▶ **WORK TO COMPLETE**
Leave every picture out, then reproduce the rest of the listing exactly.

▶ **RAW DATA**
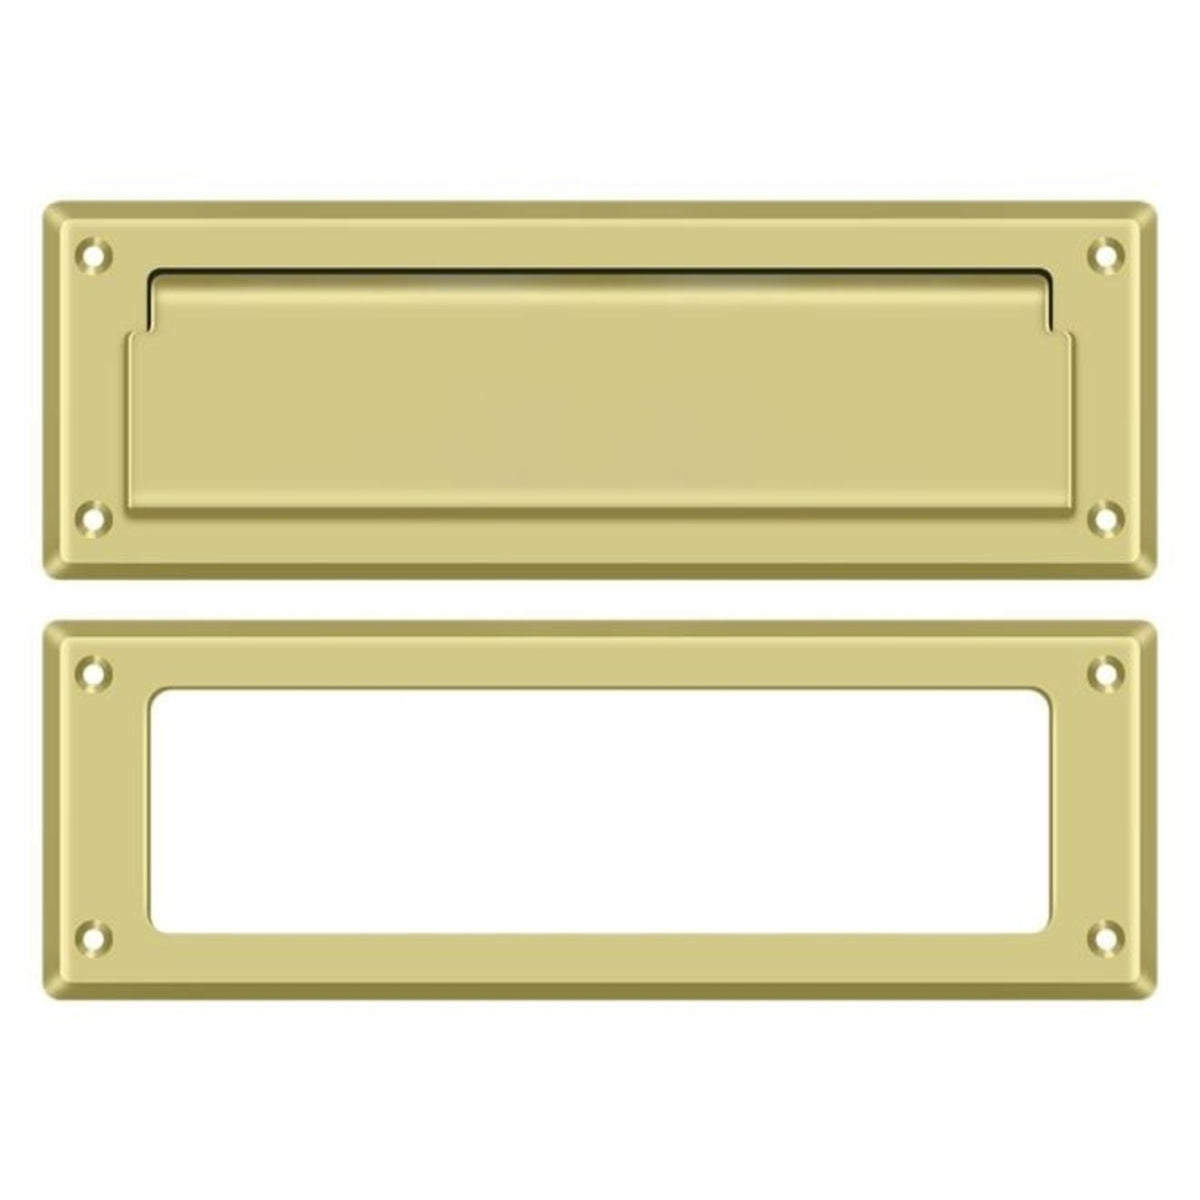 Deltana MS626U3 Mail Slot With Interior Frame, Bright Brass
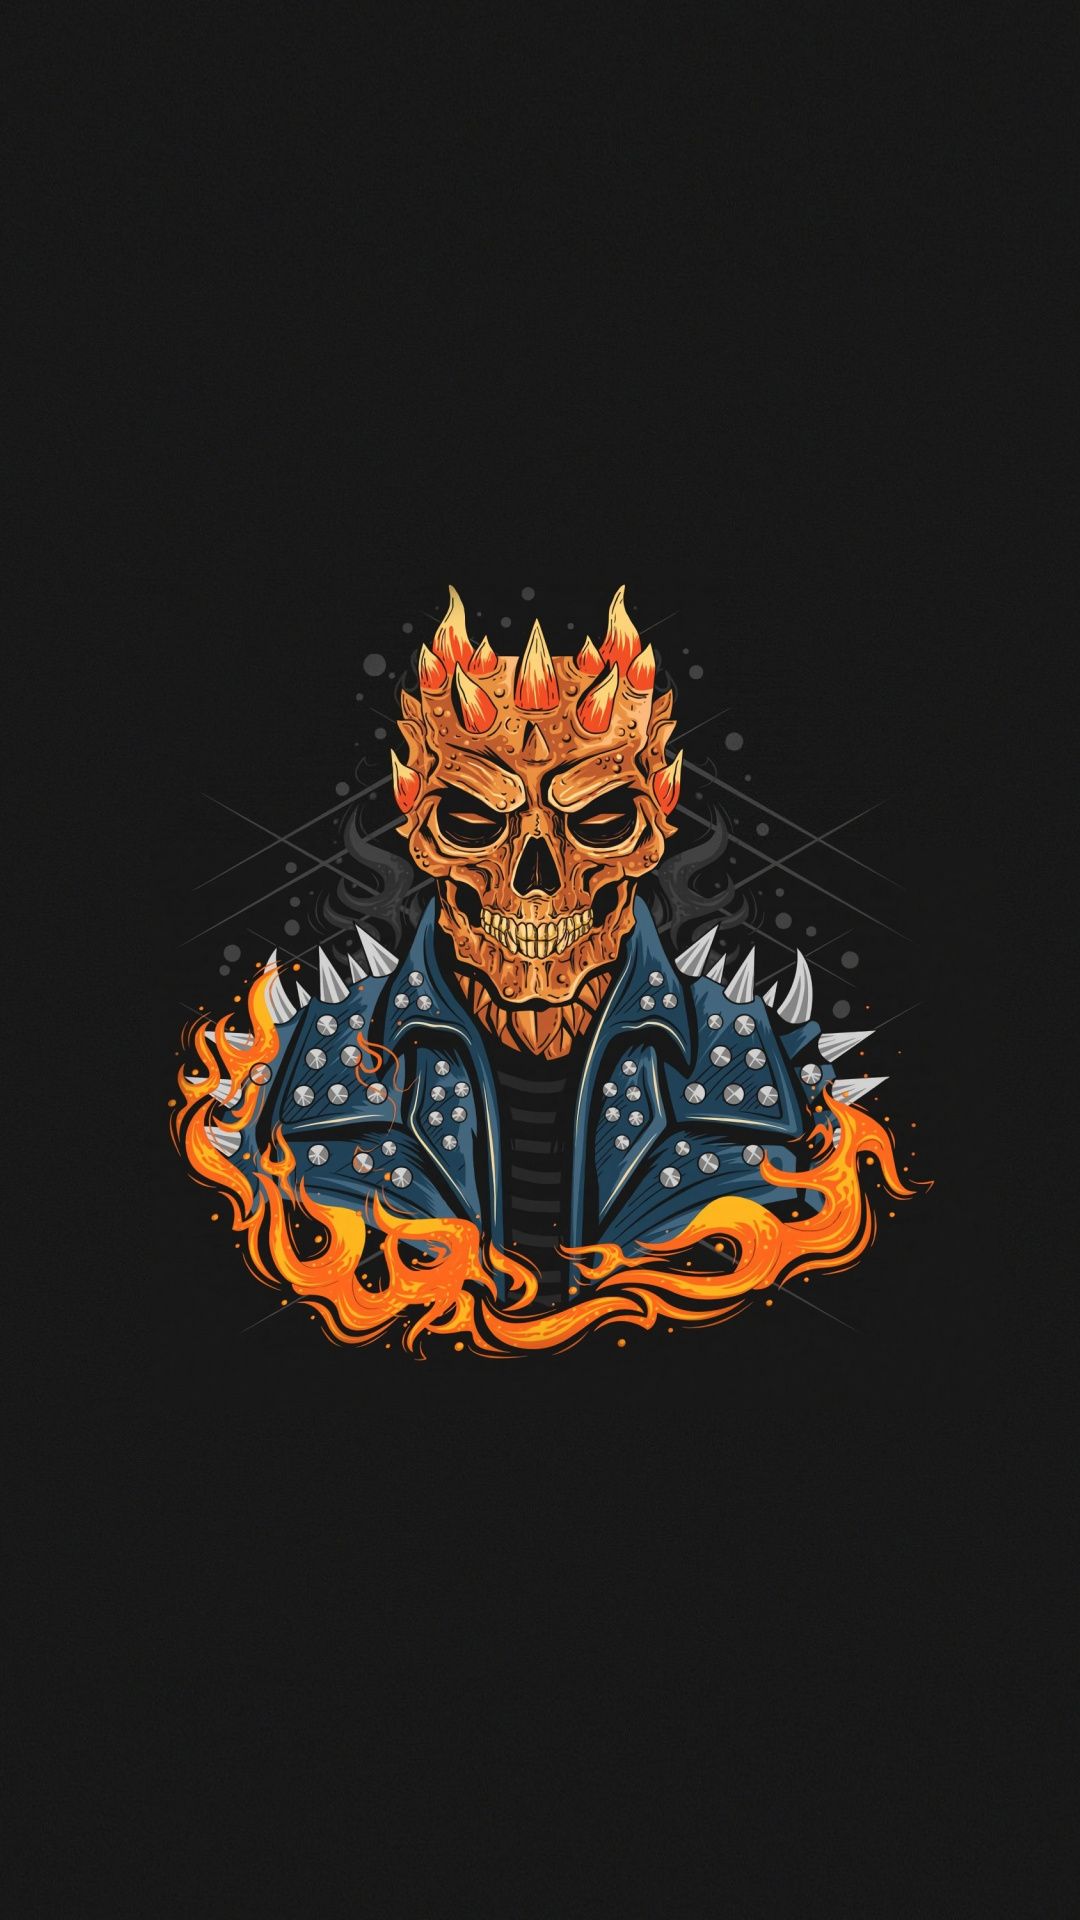 New Ghost Rider Marvel Poster 2021 Wallpapers
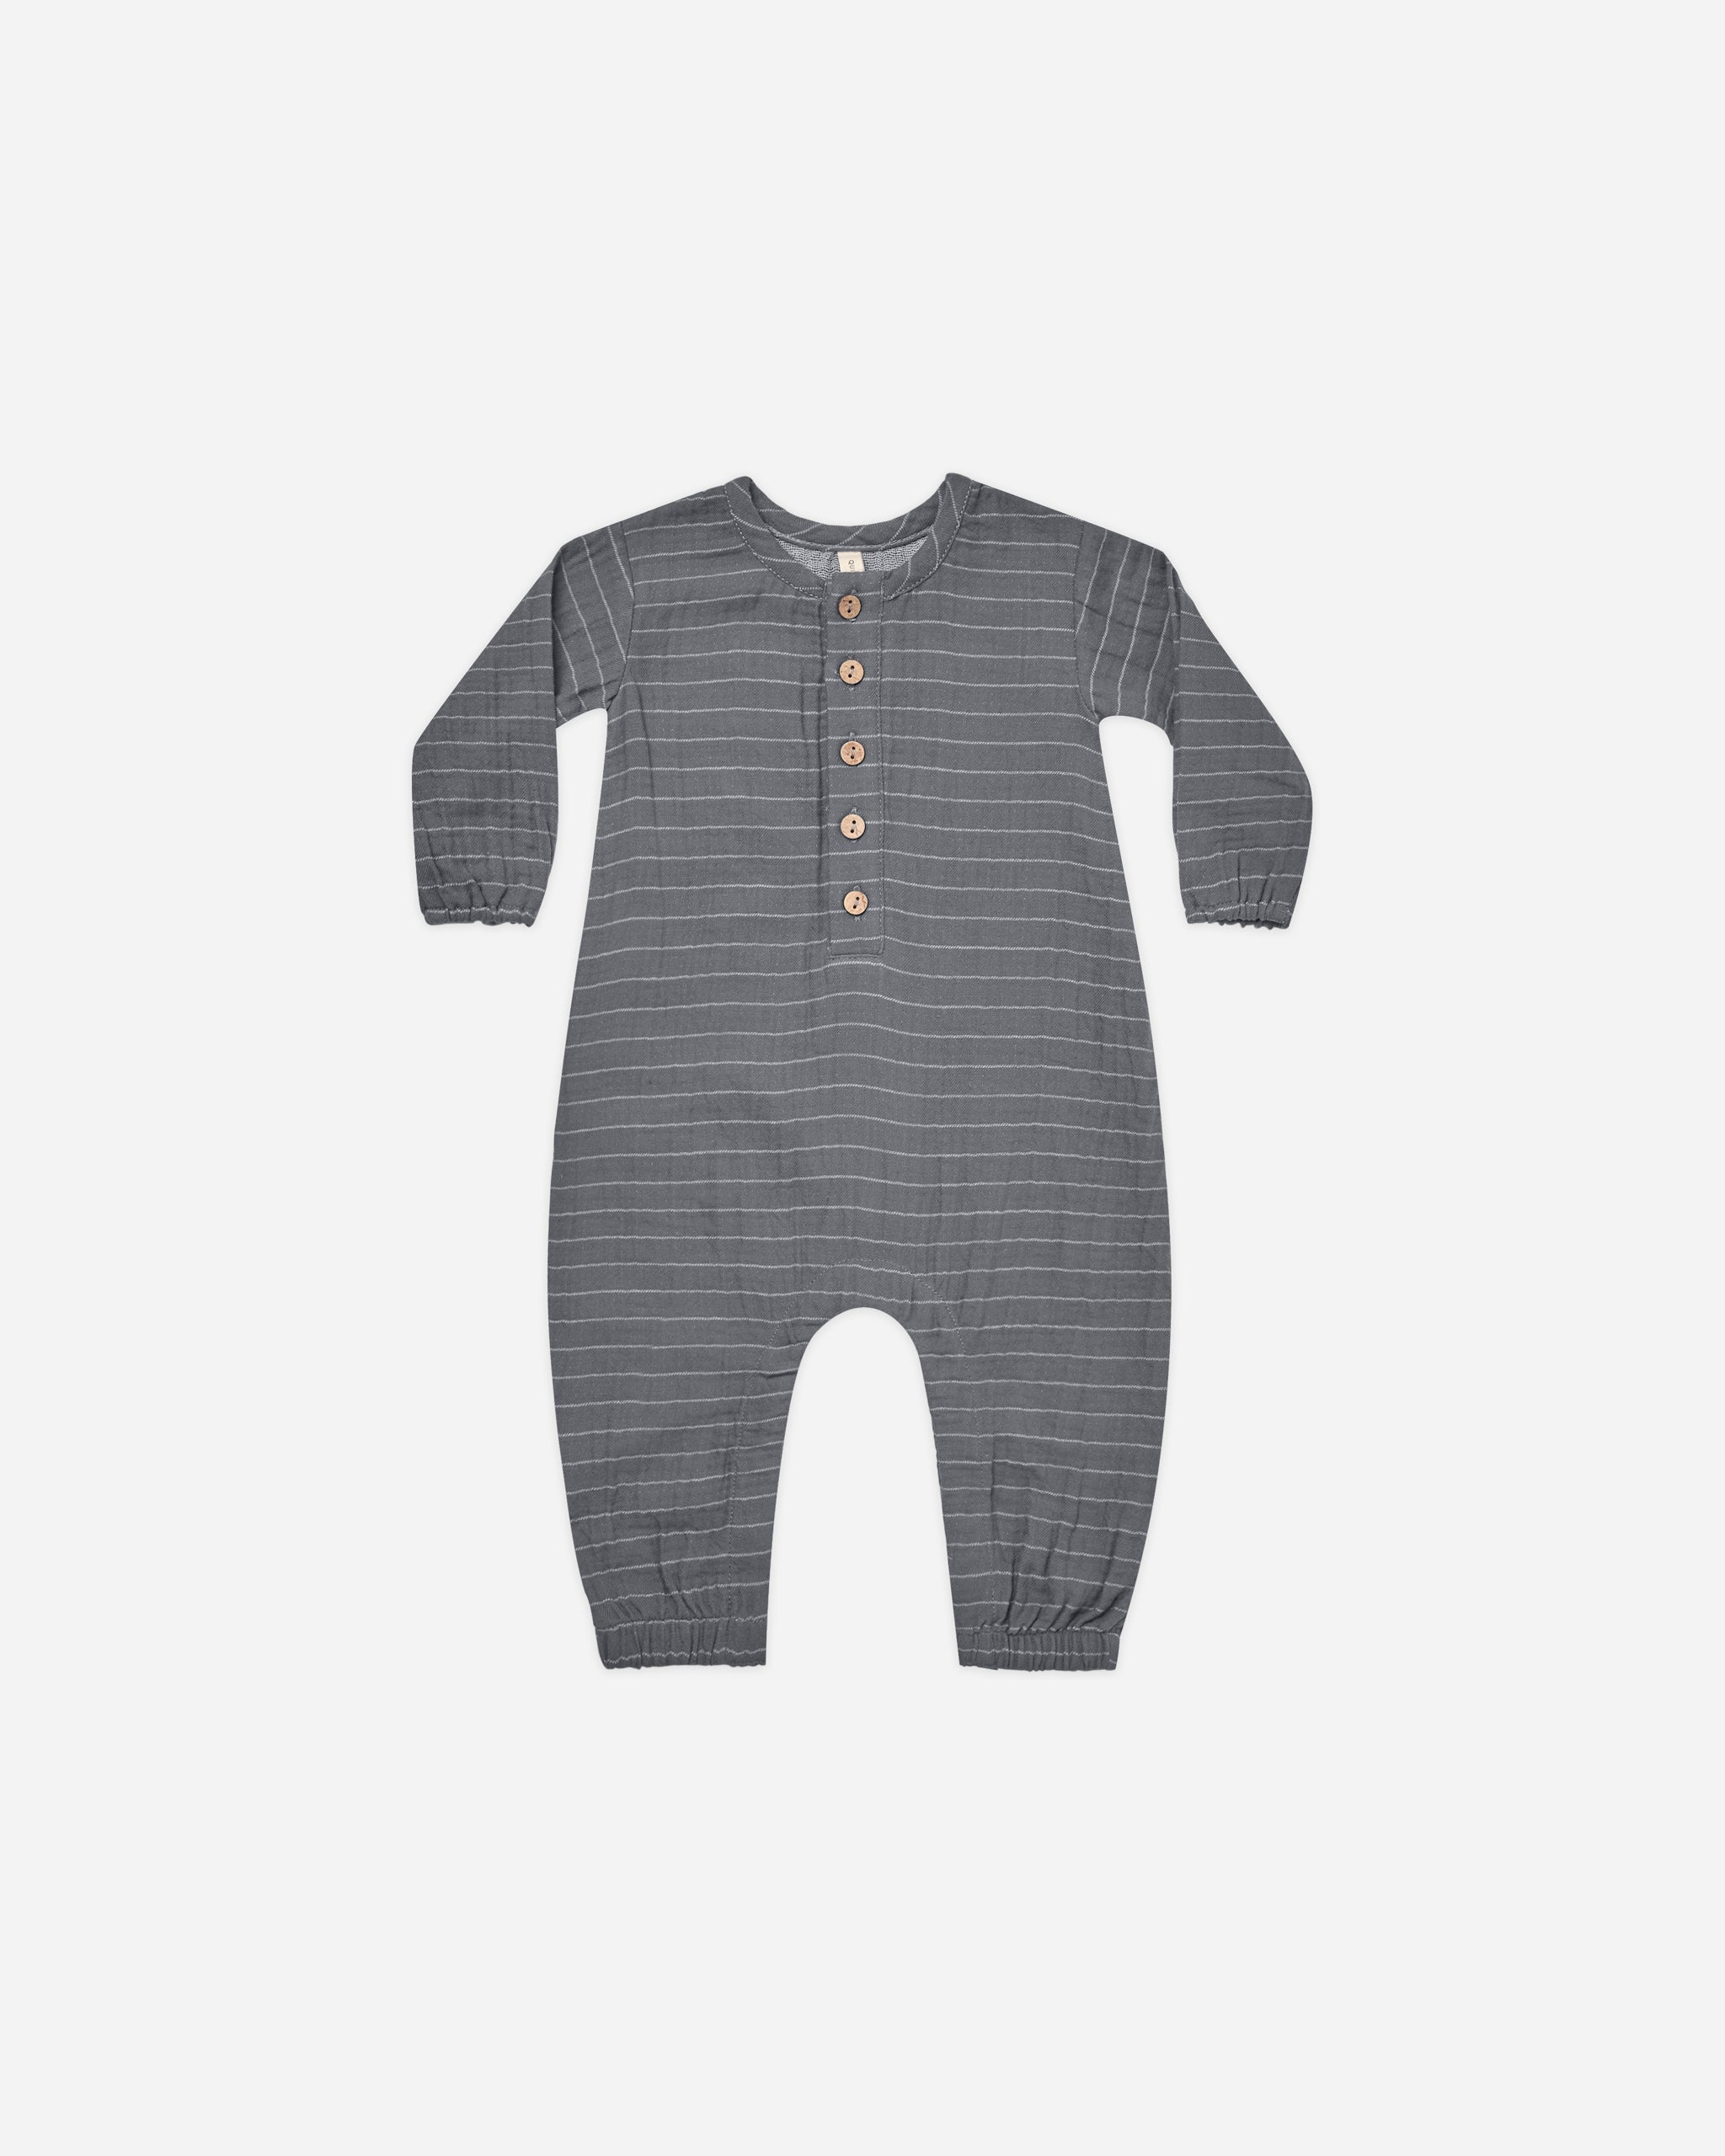 Woven Jumpsuit || Navy Vintage Stripe - Rylee + Cru | Kids Clothes | Trendy Baby Clothes | Modern Infant Outfits |

▶ **OUTPUT OF THE TASK**
 Deltana MS626U3 Mail Slot With Interior Frame, Bright Brass
 New Ghost Rider Marvel Poster 2021 Wallpapers
 Woven Jumpsuit || Navy Vintage Stripe - Rylee + Cru | Kids Clothes | Trendy Baby Clothes | Modern Infant Outfits |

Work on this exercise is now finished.